- _EXERCISE PROMPT_
Use the entries below and reproduce exactly the lines from the one containing "If you are a" down to the one containing "Annyeong! The People's Market", both of them included.

○ ○ ○

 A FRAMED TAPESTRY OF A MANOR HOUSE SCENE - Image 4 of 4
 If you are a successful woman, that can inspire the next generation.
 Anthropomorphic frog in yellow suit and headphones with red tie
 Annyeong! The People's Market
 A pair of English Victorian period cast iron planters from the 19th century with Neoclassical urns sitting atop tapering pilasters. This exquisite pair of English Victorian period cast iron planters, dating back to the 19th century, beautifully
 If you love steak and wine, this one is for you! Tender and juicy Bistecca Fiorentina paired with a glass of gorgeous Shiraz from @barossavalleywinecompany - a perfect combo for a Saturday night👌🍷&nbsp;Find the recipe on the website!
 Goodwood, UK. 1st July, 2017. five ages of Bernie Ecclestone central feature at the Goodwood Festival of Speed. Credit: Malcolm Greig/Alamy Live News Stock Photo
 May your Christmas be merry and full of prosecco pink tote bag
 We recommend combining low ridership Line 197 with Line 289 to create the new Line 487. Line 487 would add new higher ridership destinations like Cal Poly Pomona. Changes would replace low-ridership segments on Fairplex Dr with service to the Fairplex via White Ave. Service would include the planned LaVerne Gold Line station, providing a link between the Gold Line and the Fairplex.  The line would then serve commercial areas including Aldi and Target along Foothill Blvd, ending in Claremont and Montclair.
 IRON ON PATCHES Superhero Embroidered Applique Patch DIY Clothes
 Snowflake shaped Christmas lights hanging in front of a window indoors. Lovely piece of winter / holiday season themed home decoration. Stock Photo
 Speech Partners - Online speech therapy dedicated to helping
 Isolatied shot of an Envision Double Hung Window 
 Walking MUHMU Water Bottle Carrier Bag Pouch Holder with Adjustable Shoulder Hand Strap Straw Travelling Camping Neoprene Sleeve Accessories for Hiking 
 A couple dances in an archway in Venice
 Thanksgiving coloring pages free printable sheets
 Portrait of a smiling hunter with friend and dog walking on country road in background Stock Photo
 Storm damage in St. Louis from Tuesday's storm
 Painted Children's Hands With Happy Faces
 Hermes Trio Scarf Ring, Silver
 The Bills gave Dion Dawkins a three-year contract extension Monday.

○ ○ ○

- _REPLY TO THE TASK_
 If you are a successful woman, that can inspire the next generation.
 Anthropomorphic frog in yellow suit and headphones with red tie
 Annyeong! The People's Market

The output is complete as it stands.